Optimizing a Docker Image

2019-08-20 4 min read Martin

This post continues where we left off with Building a Docker Image. We are looking into how we can optimize the process of building a Docker image. This optimization can aim at reducing the size of images built or the time it takes for packaging an image.

A clever person solves a problem. A wise person avoids it.

— Albert Einstein (misattributed)

Optimizing for image size

We have a multitude of options for taking control over the resulting image size.

First we can make a decision regarding the base image we start from.

Use light distribution (such as alpine)
Use slim version of distribution (e.g. Debian jessie versus jessie-slim`)
Use distro-less images https://github.com/GoogleContainerTools/distroless

Next we can pay attention to the content we add to the image

Install only required packages through RUN
COPY only required files (.dockerignore will exclude content from the build context only)
Remove temporary files (e.g. created by package managers)

Follow the Single responsibility principle.

Finally we can try reducing the number of layers

Only the instructions RUN, COPY, and ADD create layers.
Other instructions create temporary intermediate images, and do not increase the size of the image.
Combine multiple RUN instructions to squash layers.

# Prefer command chaining
RUN command1 && command2
# over executing individual commands with separate RUN instructions
RUN command3
RUN command4

With earlier versions of Docker images were managed by a AUFS storage driver.
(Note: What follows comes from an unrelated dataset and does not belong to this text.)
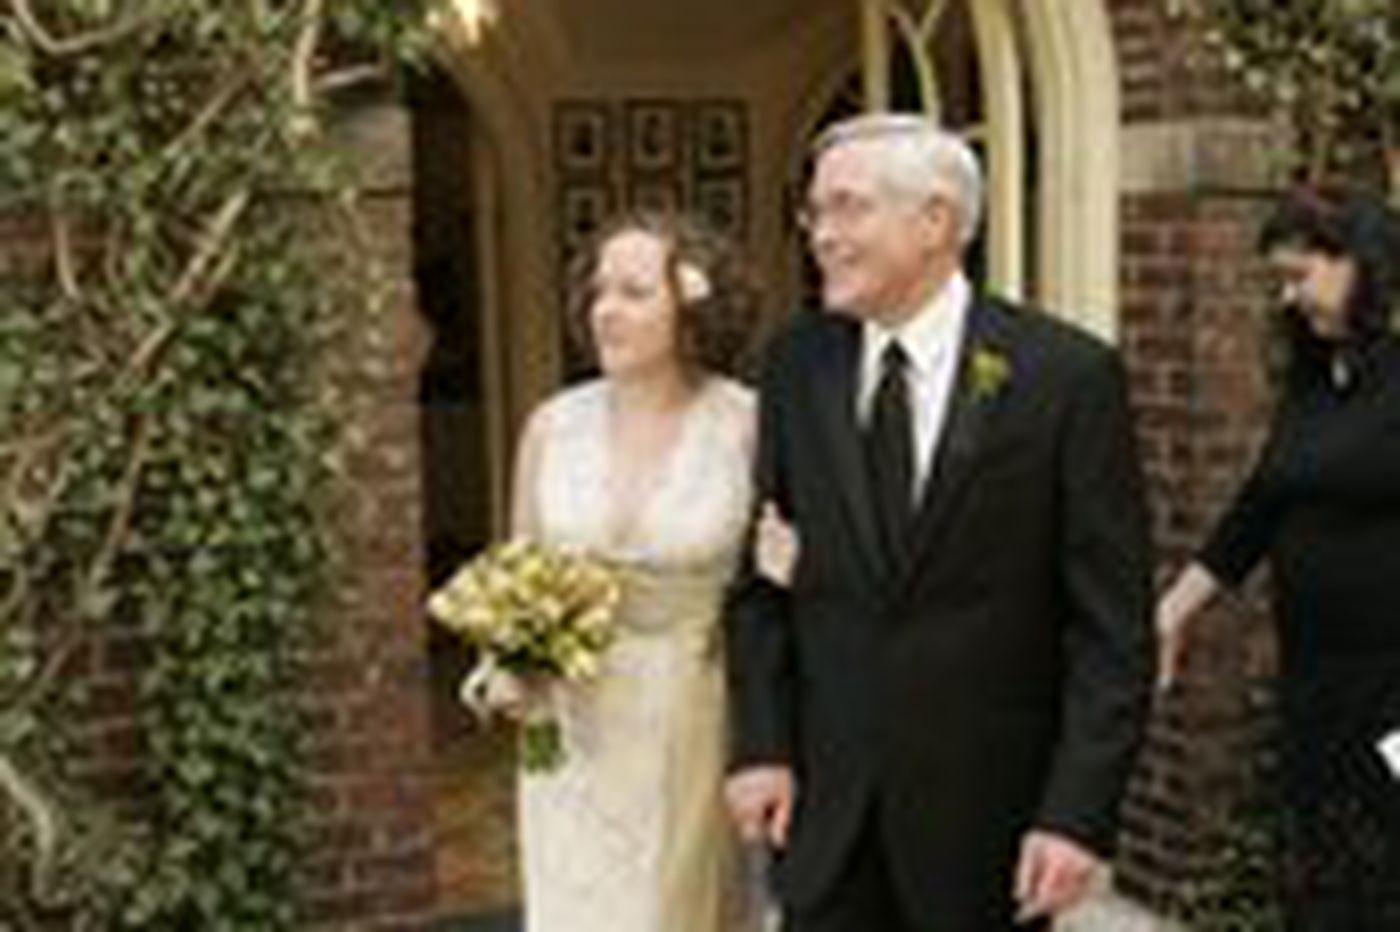 Love | Joy Elizabeth Powell & Kevin Michael Hershey

AUFS used to impose a hard limit of a maximum of 42 or 127 layers. Current versions of Docker now use the overlay/overlay2 storage driver.

Optimzing for image build duration

Exclude content from the Docker context

First we can use a .dockerignore file that excludes files from being considered for addition. This works almost like a .gitignore file with Git VCS.

docker image build command sends the build context from the client machine to the Docker daemon
Due to the client/server architecture, sending the context is almost always an expensive remote operation (socket, http, …)
.dockerignore file can exclude files from the context and speed up context transfer

The build context is typically some local file system content to be added to a Docker image. The docker image build command compresses the build context and sends it to the daemon

Use the build cache

Next we are advised to utilize the build cache. But in order to do so, we have to understand how the build cache works.

Cache behaviour of ADD and COPY instructions

A checksum of the content of each added file is calculated.
The last-modified and last-accessed times of the file(s) are not considered.
During the cache lookup, the checksum is compared against the checksum in the existing images/layers.
If anything has changed in the file(s), such as the contents and metadata, the cache is invalidated and the layer and all downstream layers rebuilt.

Cache behaviour of RUN

Cache checking does not look at the files (content) manipulated by a RUN instruction
The command string itself is used to find a cache match
Modifying a RUN instruction invalidates the layer built by the instruction

With understanding the cache, we can try to apply this knowledge in a first experiment.

Non-optimized

RUN apk update (1)
RUN apk add --no-cache git bash (2)

1	Updating the package manager sources is a required step for adding packages
2	If this line is changed, package installation may break if the package manager works with outdated package info.

Optimized

RUN apk update && \
    apk add --no-cache git bash (1)

1	Either both commands are cached or none by applying command chaining!

Next lets apply some other pattern for optimizing cache utilization.

Arrange (re-order) Dockerfile instructions for efficient cache usage for a given Dockerfile with the following assumptions:

The software to package as image will change frequently
The RUN instruction changes with each release to download a newer version.

FROM openjdk:8-jre-alpine
RUN mkdir /opt/app
ARG VERSION=latest
ARG ARTIFACT_BASE_URL=https://dl.bintray.com/software-craftsmen/continuousdelivery/at/software-craftsmen/continuousdelivery
RUN wget -q -O /opt/app/app.jar \
    ${ARTIFACT_BASE_URL}/${VERSION}/continuousdelivery-${VERSION}-exec.jar (1)
CMD java -jar /opt/app/app.jar

1	Move `RUN wget` instruction to bottom to allow cache hit for `CMD`!

The above example demonstrates how we rearrange instructions by moving instructions that change frequently to a top layer (to the bottom of the Dockerfile). Doing so we can prevent that layers are rebuilt when they shouldn’t.